ДЕЛИКАТНАЯ ИСТОРИЯ О ЧЕЛОВЕКЕ И ПИССУАРЕ
Человек стоит перед писсуаром, разведя в стороны руки, явно не в силах пошевелить ими. Его сосед, застегивая ширинку, вежливо спрашивает, что случилось. Тот, указывая на свои обездвиженные руки, смущенно спрашивает, не окажет ли тот любезность и не расстегнет ли ему ширинку. Сосед как добрый христианин исполняет эту просьбу. Тогда первый, все больше смущаясь, спрашивает, не вытащит ли тот тогда уж и его член. Что второй не без замешательства, но все же делает. Дальше – больше, и ему приходится придержать конец бедного калеки, чтобы тот не облил себе ноги. Первый помочился обильно и с облегчением, увлажнившим даже его веки. Дело сделано, и вот человек с парализованными руками спрашивает своего благодетеля, не смог бы он… не могли бы… не могли бы вы… его вытереть… пожалуйста? И так далее: вытереть, заправить на место, застегнуть ширинку… Наконец, упакованный по всей форме, человек горячо пожимает руку своему благодетелю, который, с изумлением обнаружив, что тот прекрасно владеет руками, которые он считал парализованными, спрашивает, что помешало ему проделать все это самостоятельно.

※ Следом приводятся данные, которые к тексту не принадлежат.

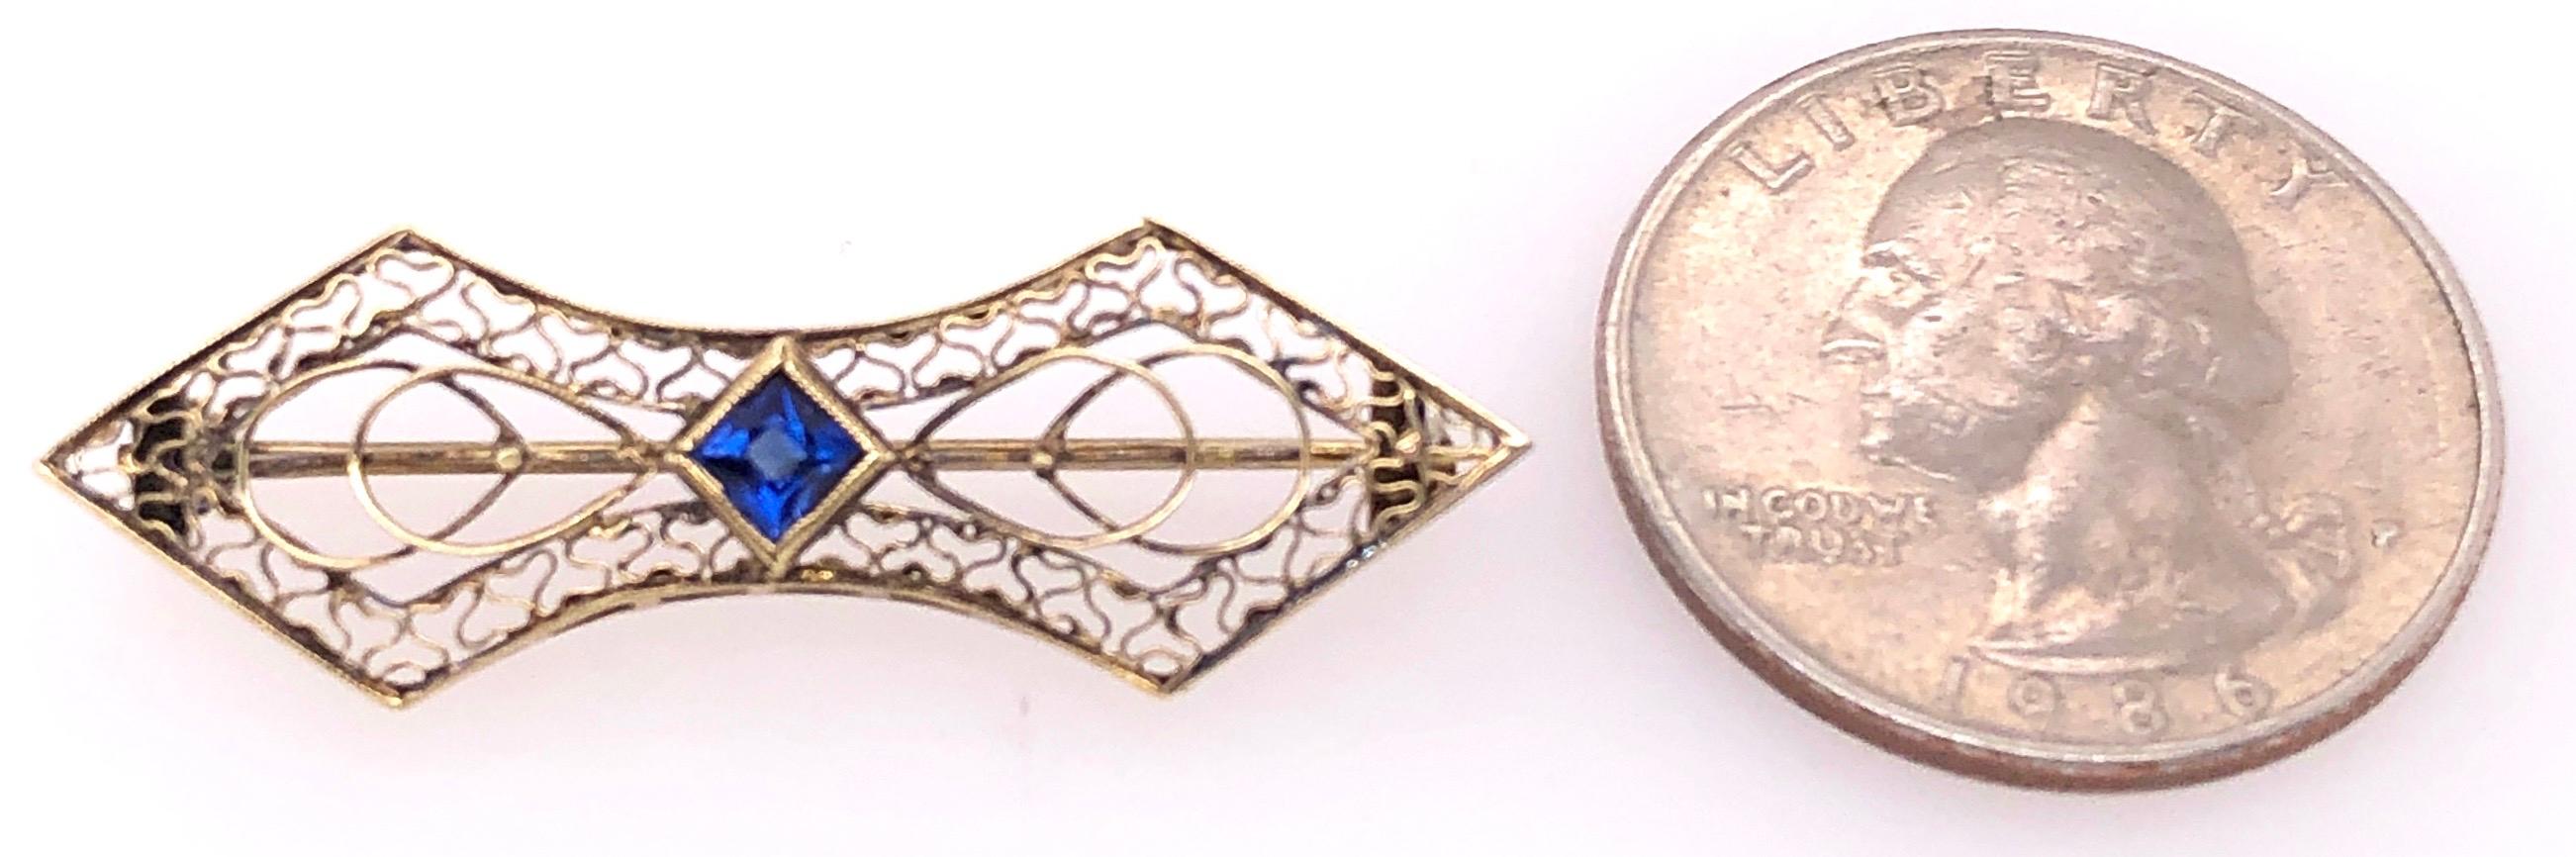 14 Karat Yellow Gold with Sapphire Center Stone Filigree Brooch For Sale 2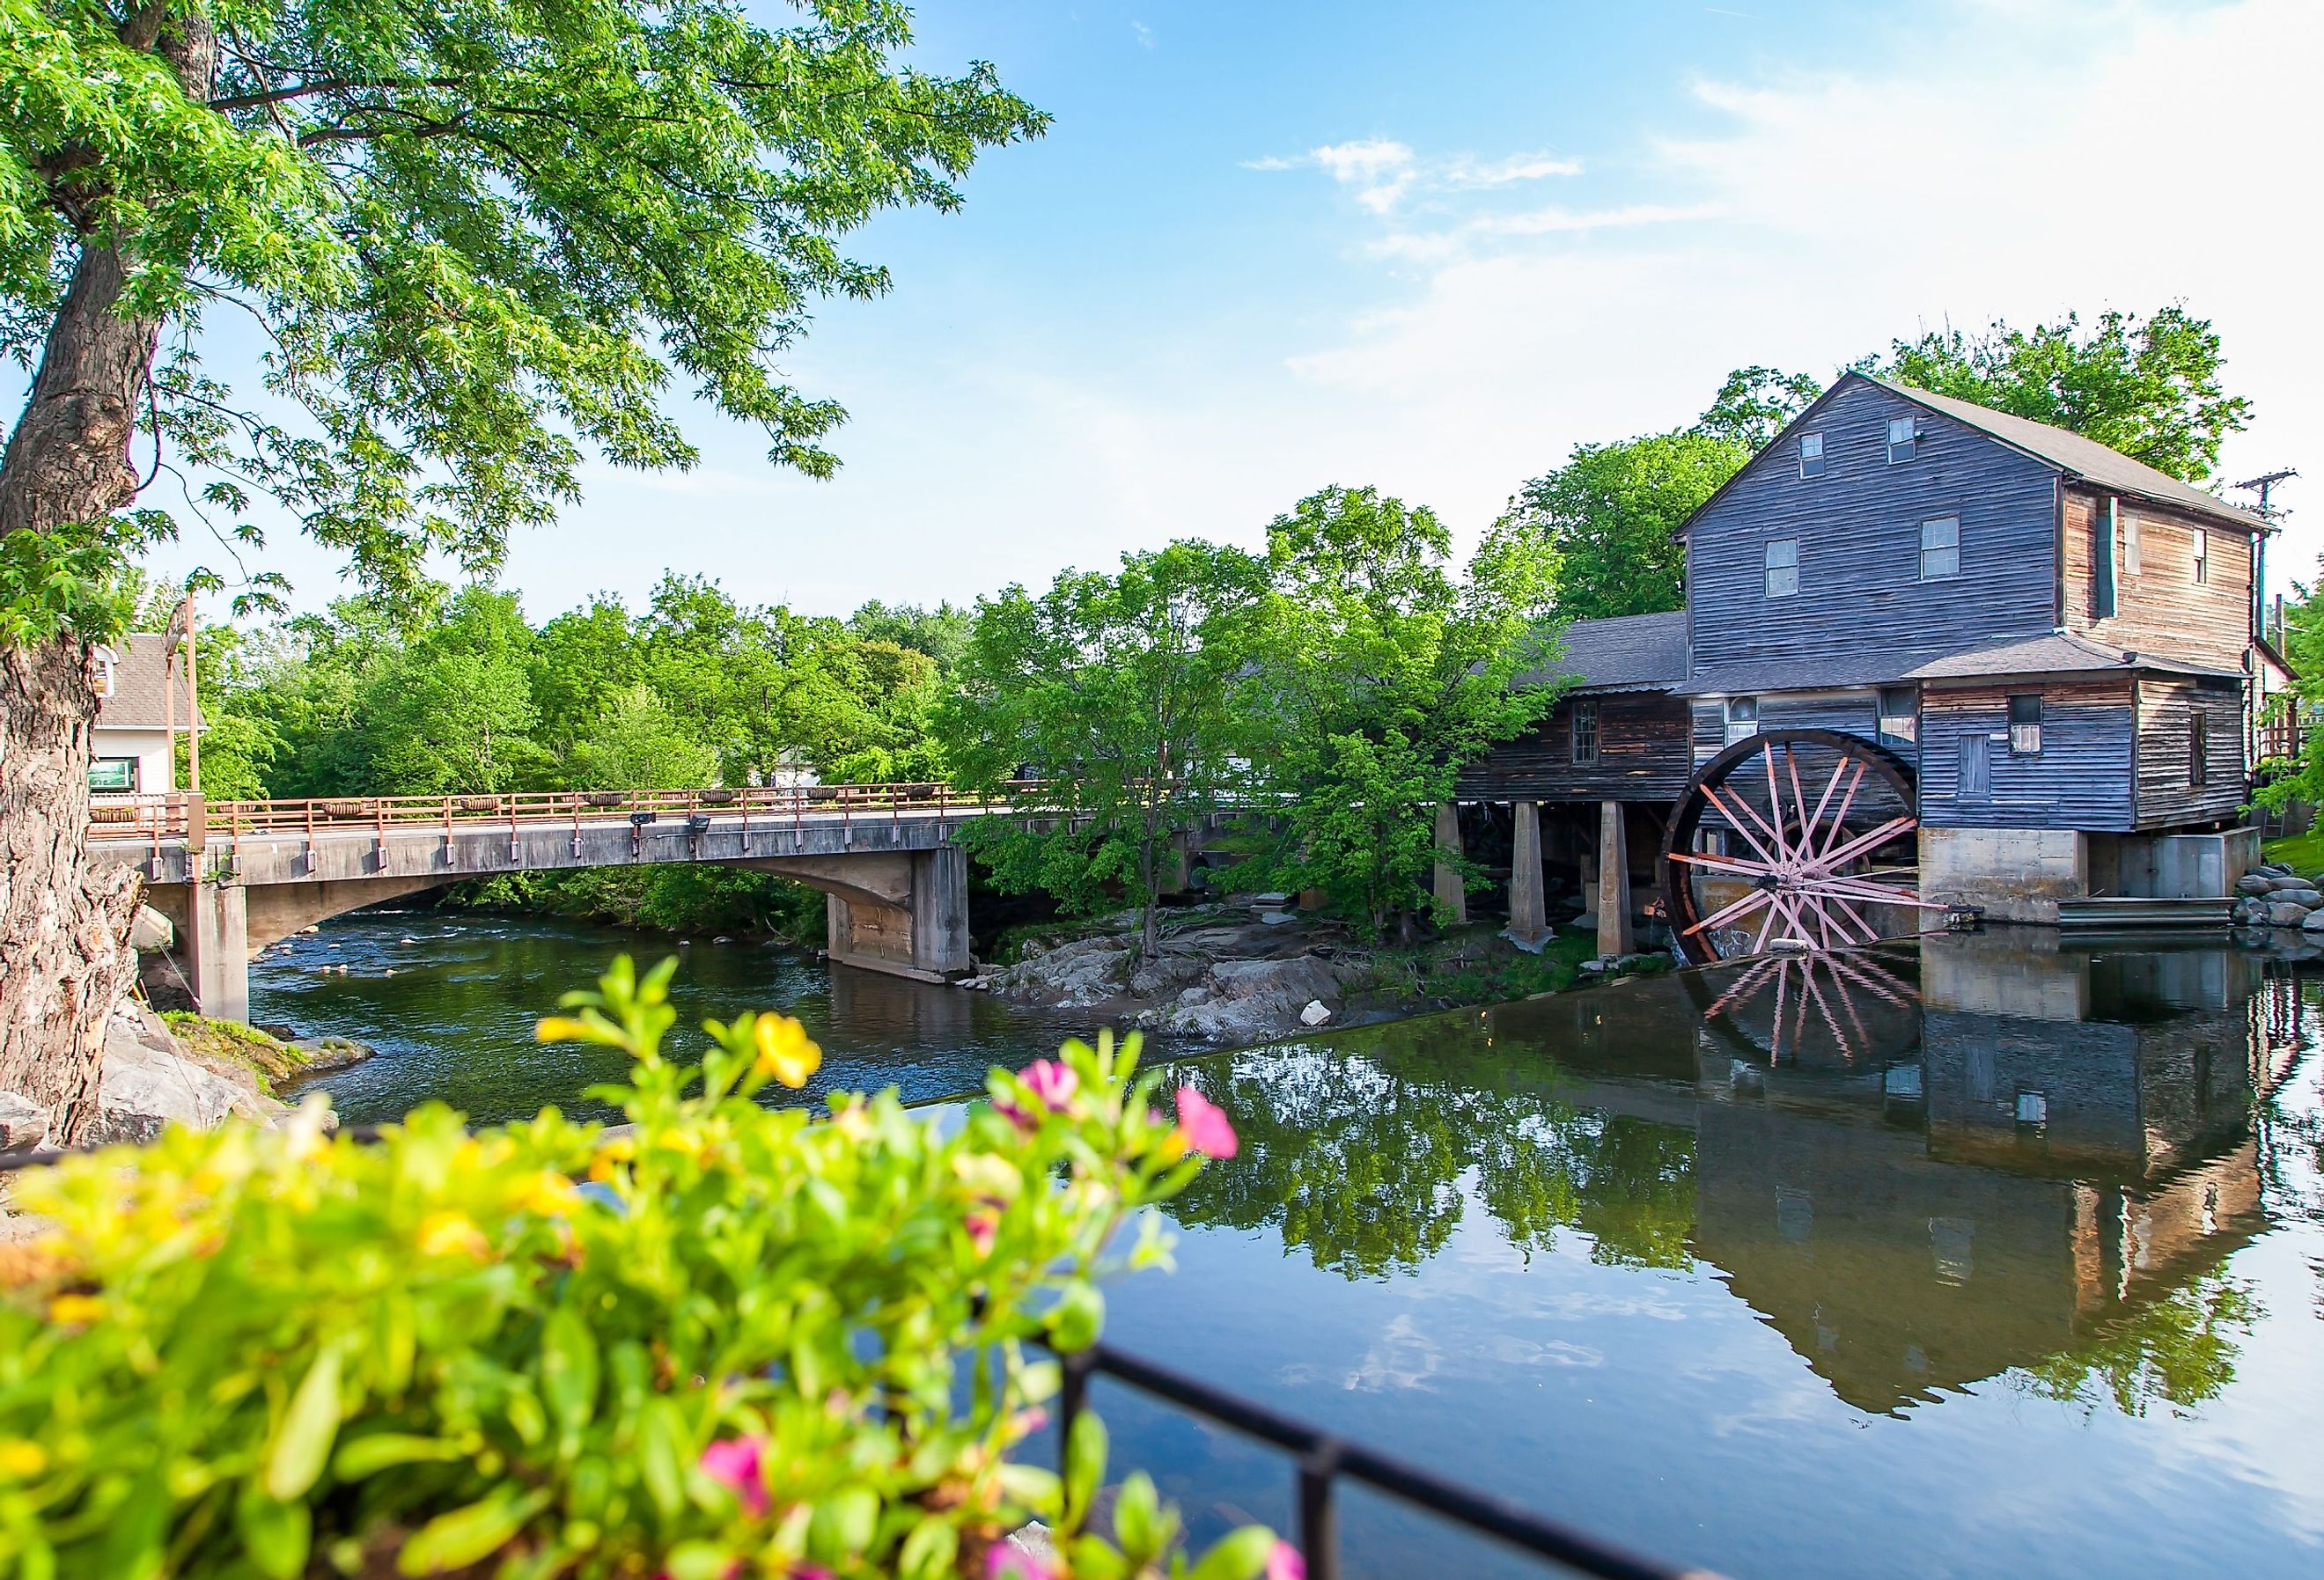 Flowers blooming at the Old Mill in Pigeon Forge, Tennessee.

– Мне? Ничего, абсолютно ничего, но если бы вы только знали, как мне все это противно!
* * *
33 года, 11 месяцев, 4 дня
Суббота, 14 сентября 1957 года
Встретил на бульваре Сен-Мишель некоего Ролана. Не могу вспомнить фамилию. Не могу подобрать фамилию к этому смутно знакомому лицу. Не могу вспомнить обстоятельства нашего знакомства. Что это за человек, с которым, по его словам, мы были хорошо знакомы и при незабываемых обстоятельствах? Фанш, которой я рассказал о встрече и описал этого человека, сказала: Так это же Ролан! Один из моих раненых! Вас ранило вместе, перед самым концом, неужели ты забыл? Фанш выдает все новые подробности: Подрывник! Он еще в засаду попал, еле вырвался, все кишки наружу! Все напрасно, Ролан не вырисовывается. Моя амнезия напрочь дематериализовала его. Теперь он – всего лишь некая человеческая форма, парящая на задворках моей памяти. И конечно же, его настоящее имя говорит мне не больше, чем партизанская кличка. Такое со мной случается часто и случалось всегда. Что-то у меня в мозгу работает не так, как надо. Память – самый ненадежный из моих инструментов. (Это не касается папиных афоризмов и цитат, которые он заставлял меня заучивать, – их ничем не вытравить.) По крайней мере, говорит в конце концов Фанш, если бы боши тебя стали пытать, ты бы ничего не выдал.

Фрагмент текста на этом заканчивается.